Compare the results of your email tests
For example, subject line length, type of offer or call to action included, or response to keywords used, with metrics for your website, SEO and PPC, mobile engagement and offline activities, and you will begin to see trends.
Which targets were receptive? Which didn’t respond? Is the offer right? An in-depth analysis of campaign responses enables you to improve effectiveness and optimise the return on investment.
This information can then be used to strengthen knowledge of the target audience, influencing future communication strategies and marketing plans.
Testing means making the most of data to devise and send your campaigns, and the virtuous circle will be completed by response data that underpins improved email marketing the next time out.
Amazingly, we’re beginning to see marketing plans change every quarter and in some instances every 30 days! All the more reason to “test, test, test” to see how your audience is engaging with your brand and to ensure you keep ahead of the pack.
2. Time of day
People engage with brands in many different ways, so there isn’t always a “one size fits all” approach to timing. It’s important that you review the data in detail to find the optimum time to target people.
Don’t just look at how many people opened your emails, look at who opened them and when.
As a rule of thumb, many marketers send emails between 7am and 10:30am, targeting subscribers as they wake up in the morning or when they reach the office.
Another popular distribution time is noon, to engage people during lunch breaks, or early evening when users typically jump back online to purchase the goods they have been researching in the office.
To be honest, these times have collectively shown good results for most brands, but to really ensure you reach your targets at the right time, look at your response data and the time stamp on your opens (also compare this to the ‘delivered’ time to analyse the gap between send and open, you may be surprised to see some of your emails being opened 3 to 4 days later).
Finally, you can cross-reference the email address and offer code to understand how effective your email communication was in driving revenue.
An example of good practice was the activity of an online retailer which used an innovative tactic to work out the ideal time to send emails to individual users.
Their theory was that if users were available to sign up to an email list at a certain time, they would be more receptive to receiving an email at the same time on subsequent days.
The company’s campaigns resulted in 20% uplift in click-through, approximately 65% increase in conversion and average revenue per recipient boosted by almost 200%.
On the flip side to ‘push’ email campaigns are customer-initiated interactions. Responding to these with immediate and relevant messages and offers, again implemented through the use of existing data, can greatly enhance the relationship and strengthen loyalty.
3. From and subject lines
These are two very important elements. The first thing a subscriber will do is scan the ‘from’ address to ensure the email is being delivered by a reputable source (i.e. a brand they recognise) then they perform a final pass on the subject line.

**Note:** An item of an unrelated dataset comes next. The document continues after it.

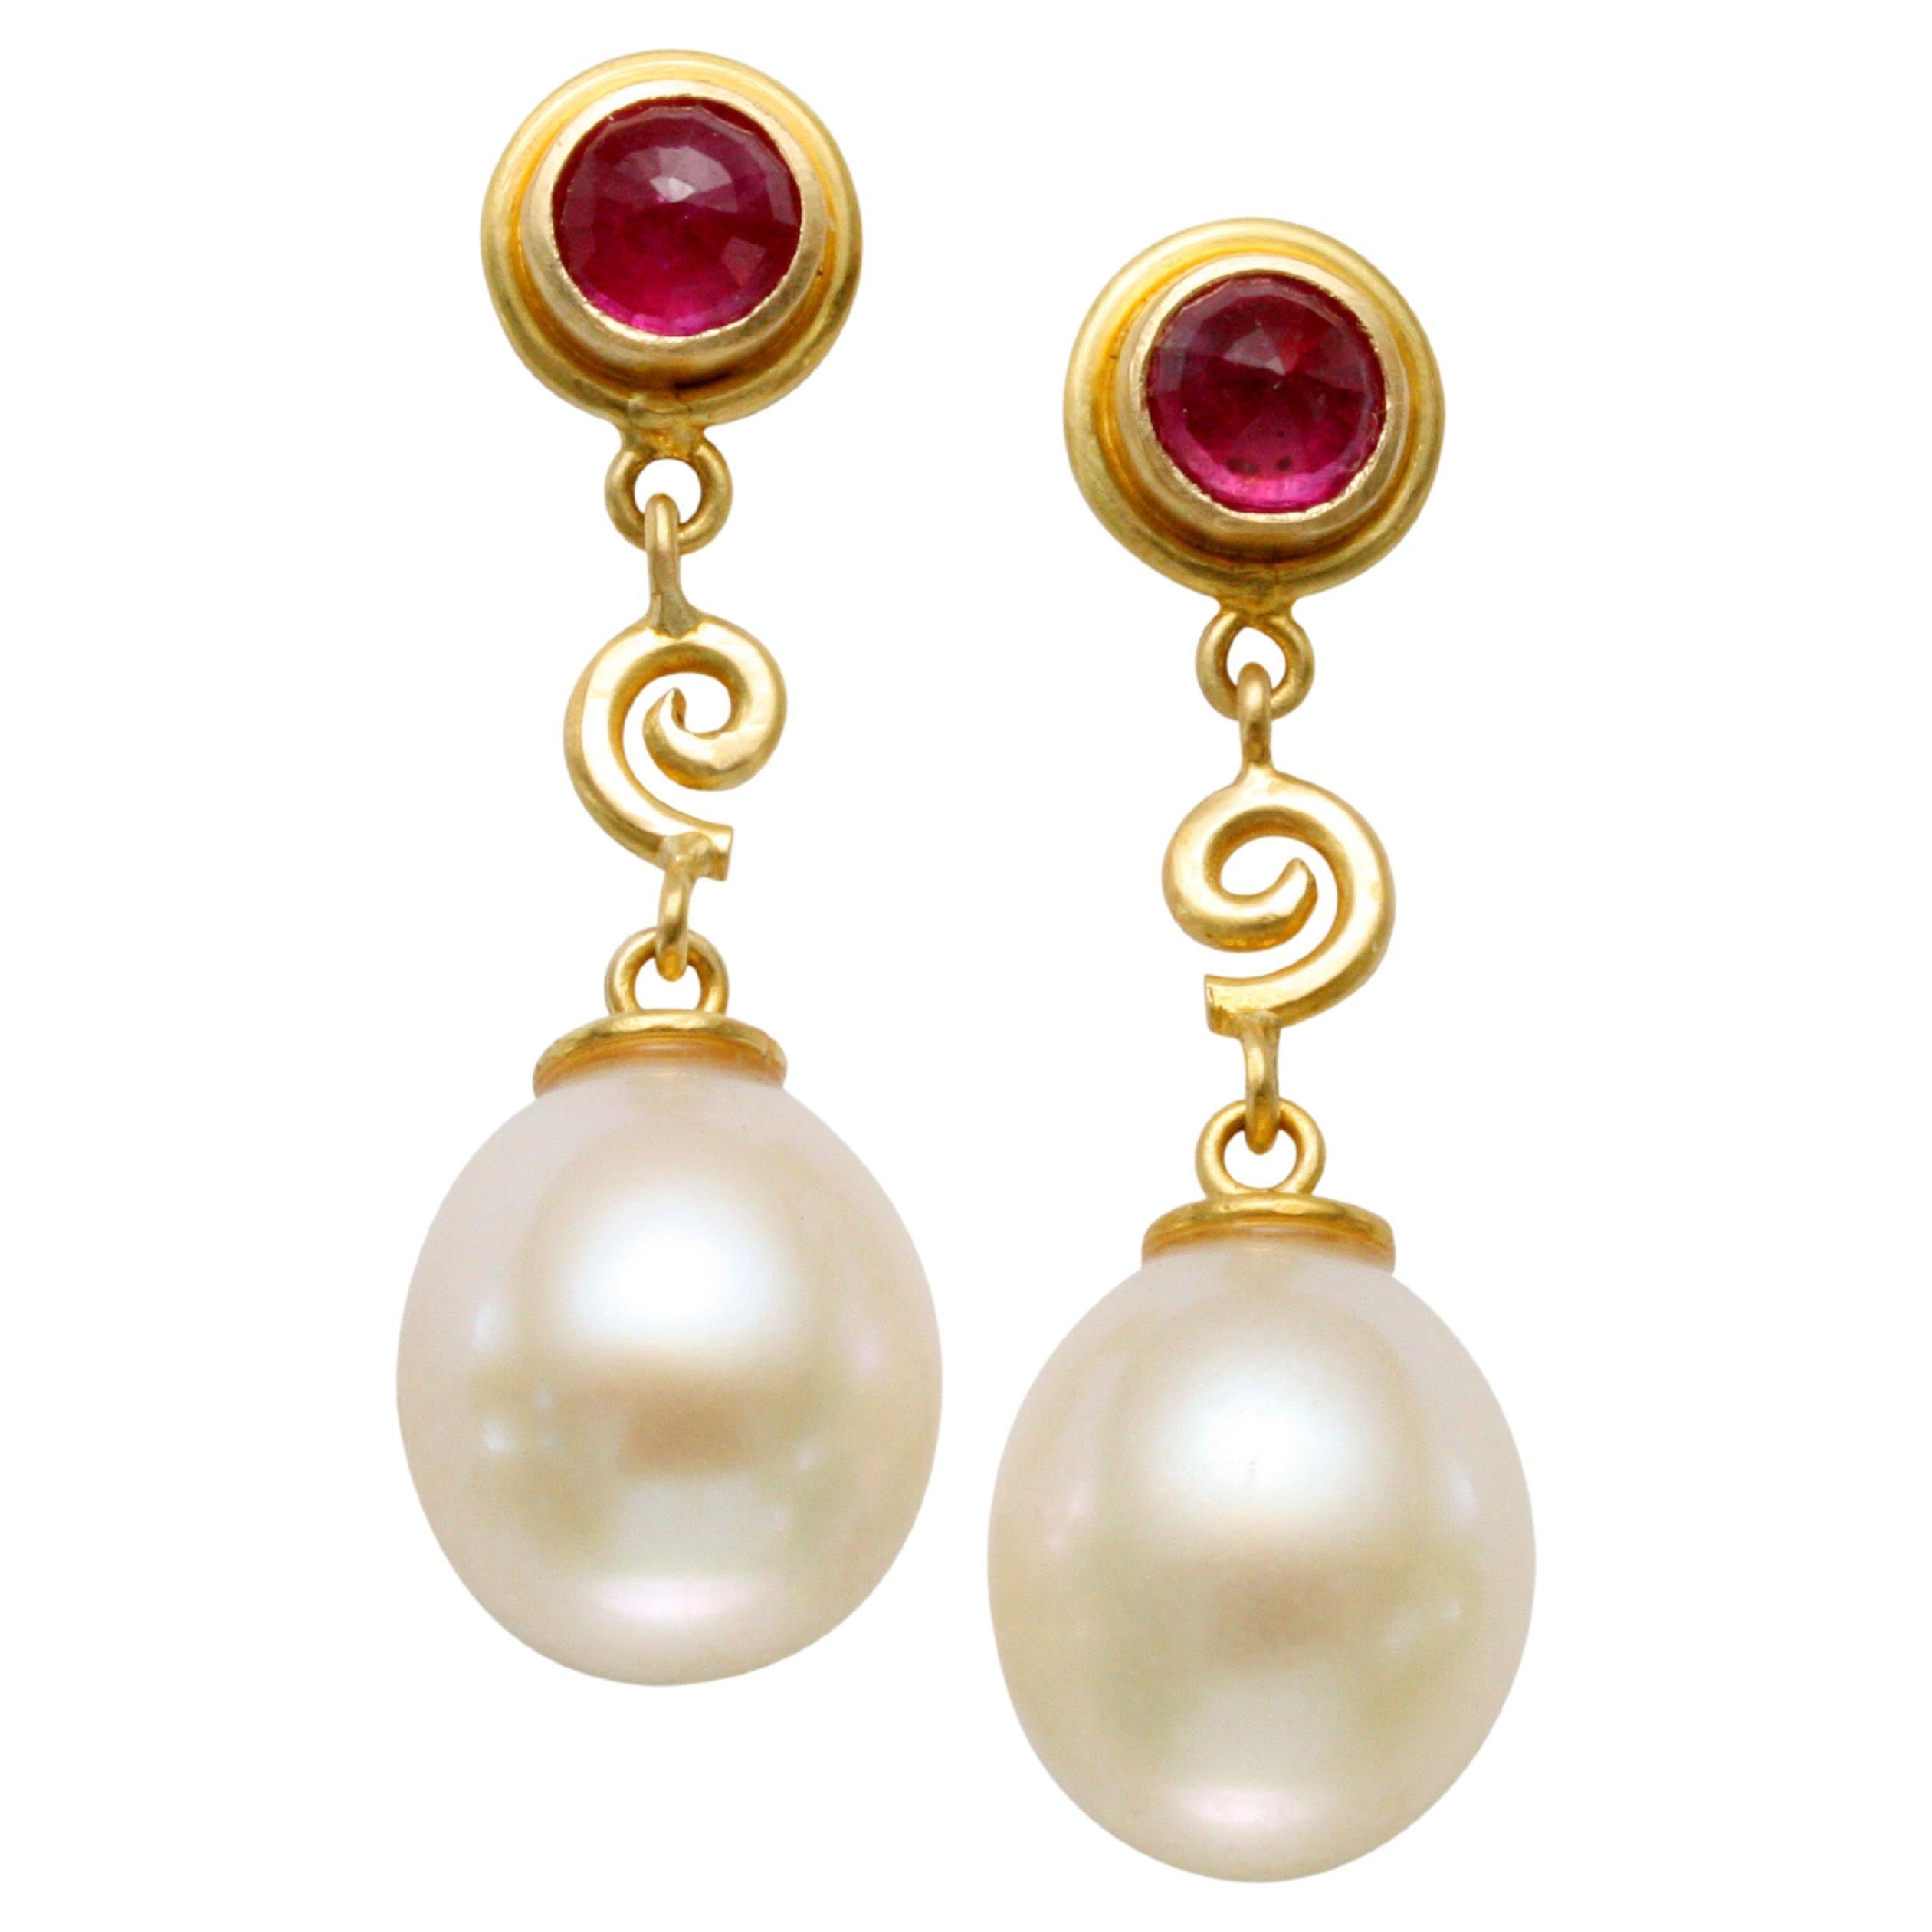 Steven Battelle Boucles d'oreilles en or 18 carats avec perles blanches et rubis

Subjects need to be punchy and enticing, short and simple (try to keep it to less than 50 characters). It is important to ensure that you include some type of personalisation and the organisation’s name.
Try to keep the WIFM (What’s In It For Me?) front of mind, as people generally respond well to “Offer”, “Sale”, “Attention” and “Invitation”.
Not all communications are about sending offers, so if this is the case make sure there is a value exchange and that the intent of the email is clearly stated, e.g. “Company Name Newsletter: December 2012” or “Company Name Newsletter: Important Information”.
Ultimately, a combination of context and content is vital to drive successful email communications.